Participation Instructions:

  • Create - use the weekly data set to build your own Plotly visualization or Dash app. Or, enhance the sample figure provided in this post, using Plotly or Dash.
  • Submit - post your creation to LinkedIn or Twitter with the hashtags #FigureFriday and #plotly by midnight Thursday, your time zone. Please also submit your visualization as a new post in this thread.
  • Celebrate - join the Figure Friday sessions to showcase your creation and receive feedback from the community.

:point_right: If you prefer to collaborate with others on Discord, join the Plotly Discord channel .

Thank you to The Pudding for the data.

2 Likes

Updated Sept 5

  • set color & size based on the squared log10 value of views_sum, with normalization to force the minimum value to 1. For example. Charles R. Gleason has views_sum of 300 (lowest value), color & size values are 1. By contrast, Barack Obama has a views sum of 44,897,089, color & size values are 38.1.
  • added color/size factor as a hover value, mostly for developer debug
  • Added name count as a hover value as many names appear in the dataset more than once.
  • changed the hover font to ‘courier’. Not my favorite font, but usefulf for right justification of numbers

Updated Sept 2
Inspired by always helpful suggestions from @li.nguyen and @adamschroeder that I am very grateful for, I made the following changes:

  • map type is ‘streets’ with a light color background. Removed the iteration over all 15 map types.
  • Removed the square root function that was put in to reduce the range between the smallest and largest view counts
  • color and size are both referenced to views_sum (kind of redundant)
  • used Magenta_r sequential color map. The _r reverses the scale, so that the darkest colors are used for the very hard to spot low view counts.
  • Added average daily views (views_median??), and total views to the hover info.

Biggest challenge for me was arranging the colors so that the low view count markers are visible, without having the high view counts take up excessive area.

I really enjoy this data set, and by using it I solved an issue that has puzzled me for some time.
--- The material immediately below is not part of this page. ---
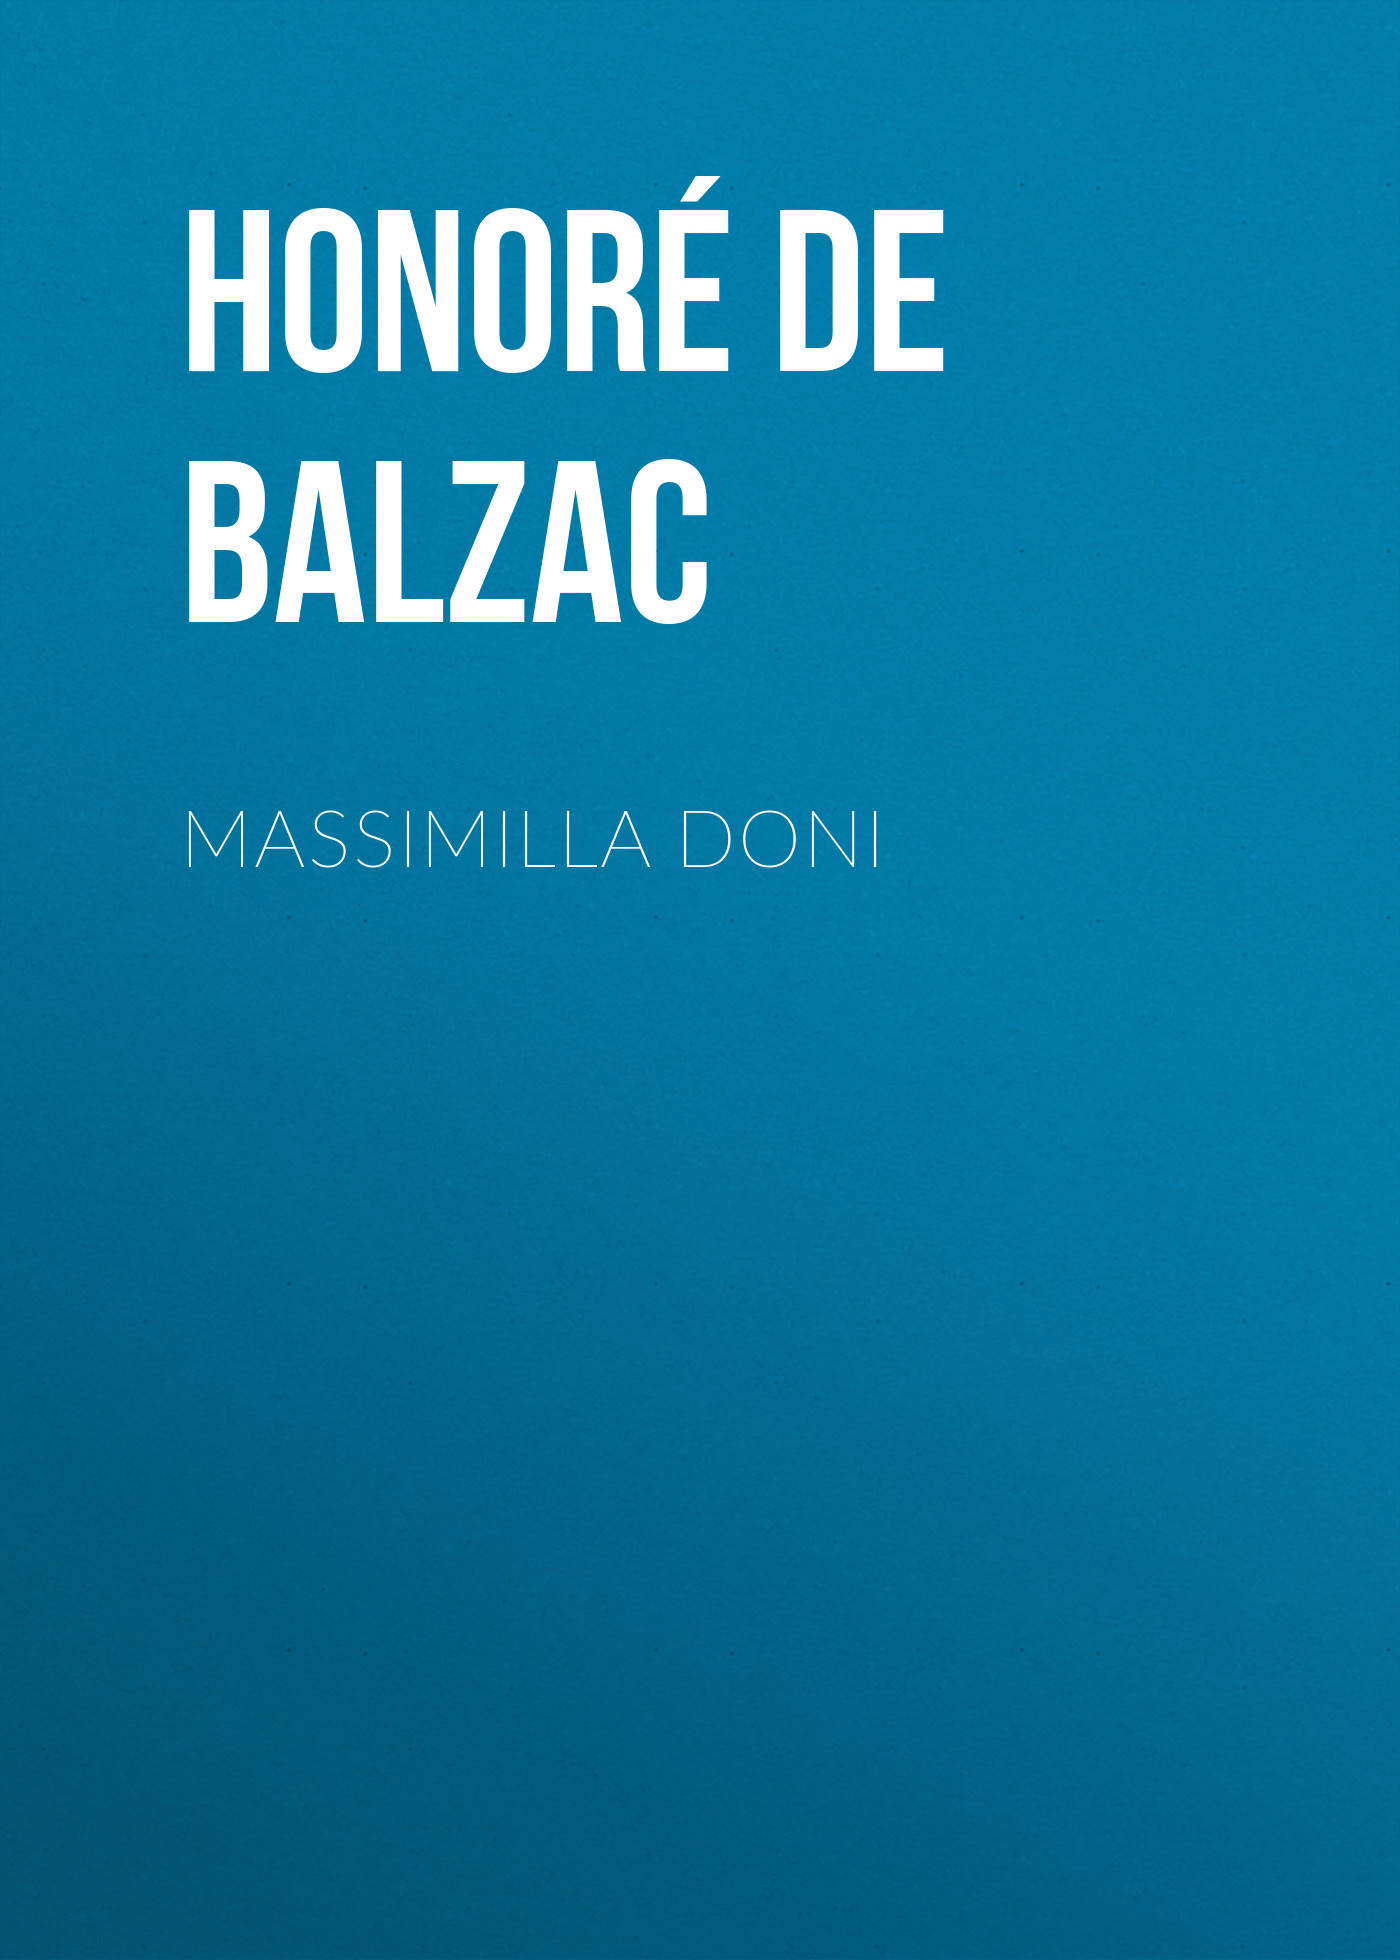 Книга Massimilla Doni из серии , созданная Honoré Balzac, может относится к жанру Литература 19 века, Зарубежная старинная литература, Зарубежная классика. Стоимость электронной книги Massimilla Doni с идентификатором 25020667 составляет 0 руб.

Columns with long text strings (see the extract column) are challenging to use as hover info because there is no capability I know of to automatically word wrap them. I solved with a function that replaces whitespaces with html line feeds when the desired max line length has been exceeded.

Here are a few screen shots:
Charles R. Gleason, with the lowest number for views_sum

Barack Obama, with very high value of views_sum

Here is the code

import polars as pl
import plotly.express as px
import plotly.io as pio
pio.renderers.default = "notebook_connected"
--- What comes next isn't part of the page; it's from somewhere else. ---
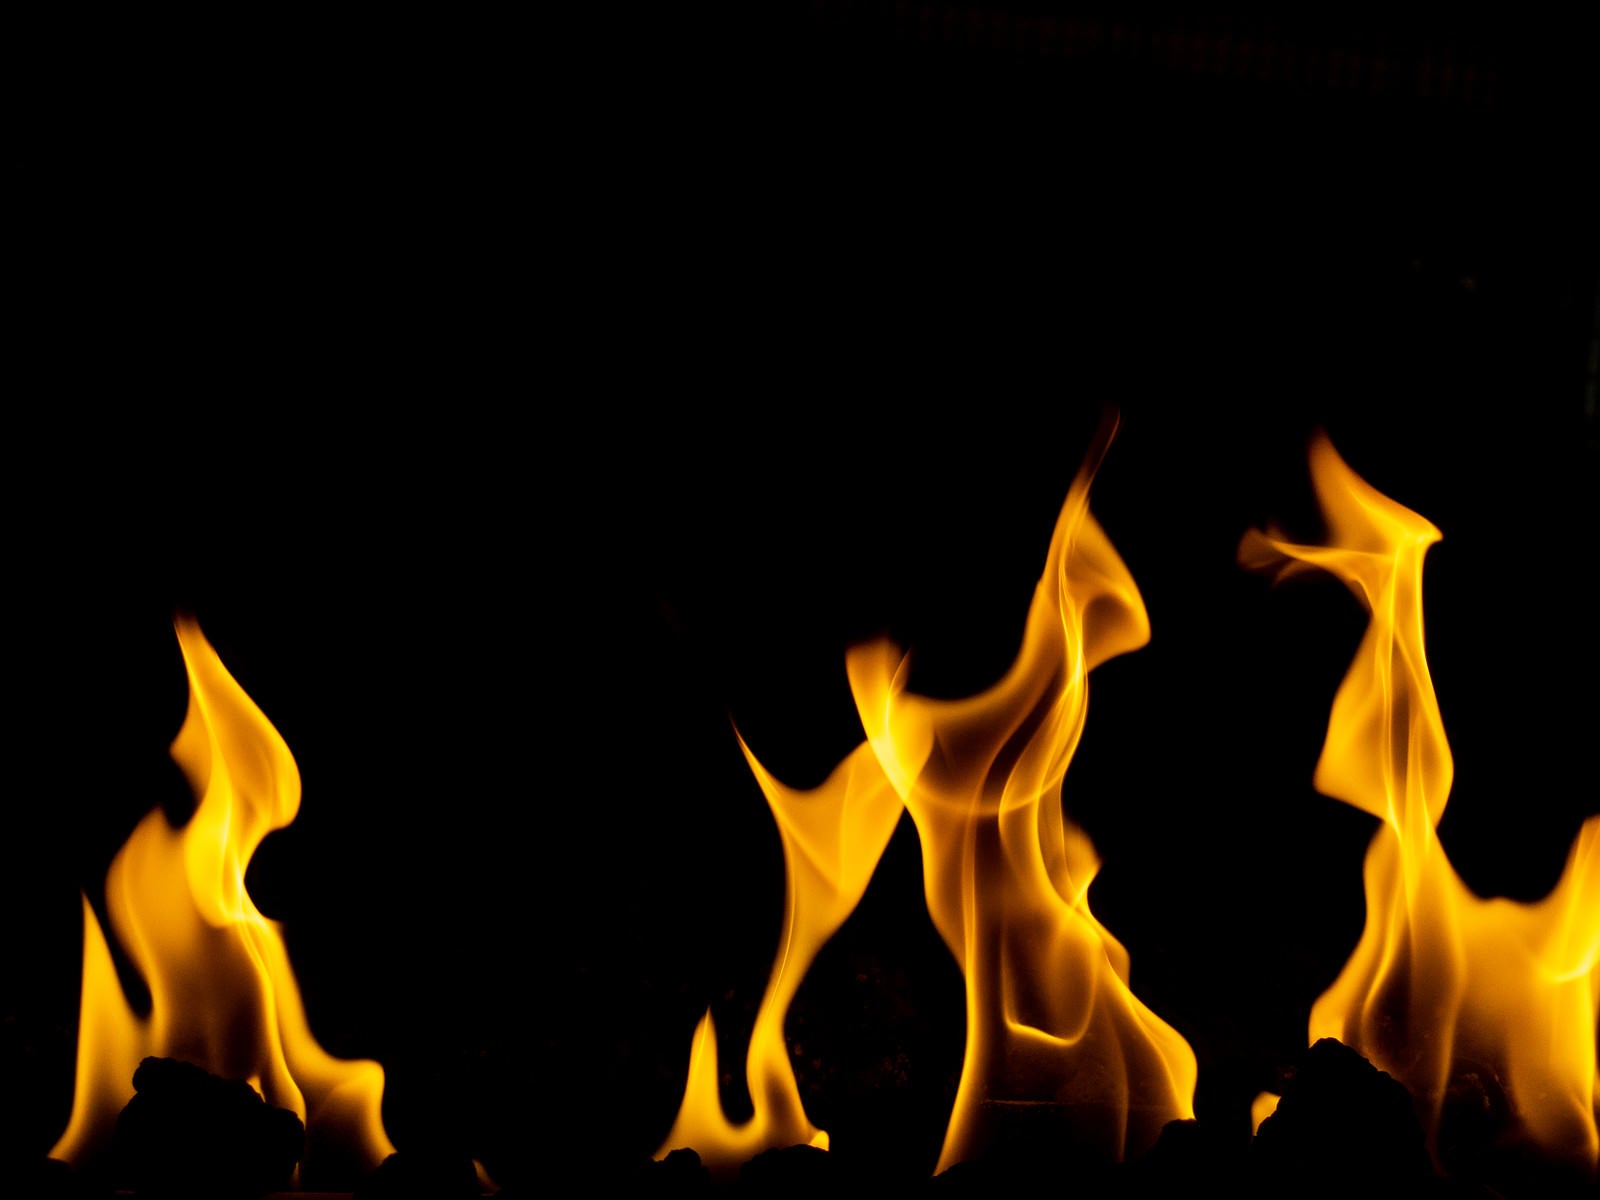 「激しく燃える火」の写真

# us library is a tool for working with US State names and abbreviations
# make a list of valid US states, and filter data with it.
import us
state_list = [s for s in us.states.mapping('abbr', 'name').values()]


def wrap_hover(text, chars_per_line=28):
    '''
    break long hover text into multiple lines, split with html line feeds.
    1st whitespace after chars_per_line value is exceeeded is replaced with <br>
    '''
    result = []
    
    # Counter to track line_Length
    line_length = 0
    
    # Iterate over each character in the text
    for char in text:
        line_length += 1
        if char.isspace():
            if line_length > chars_per_line:
                result.append('<br>')
                line_length = 0
            else:
                result.append(char)
        else:
            result.append(char)
    
    return ''.join(result)

def state_abbr(state):
    '''
    return commonly used abbreviation of full state name, ie New York, NY
    '''
    return us.states.lookup(state).abbr

#------------------------------------------------------------------------------#
#     scan_csv produces polars Lazy frame, with data cleaning flow             #
#------------------------------------------------------------------------------#
data_set = (
    pl.scan_csv('people-map.csv')  # LazyFrame

    .with_columns(pl.col('views_median', 'views_sum').cast(pl.Int32))
    # call wrap_hover function to inserts line feeds
    .with_columns(
        extract_wrap = 
            pl.col('extract')
            .map_elements(wrap_hover, return_dtype=pl.String)
    )
    # add column to count # of times each name appears in the dataset
    .with_columns(
        NAME_COUNT = pl.col('name_clean').count().over('name_clean')
    )

    # Filter out rows with invalid state entries
    .filter(pl.col('state').is_in(state_list))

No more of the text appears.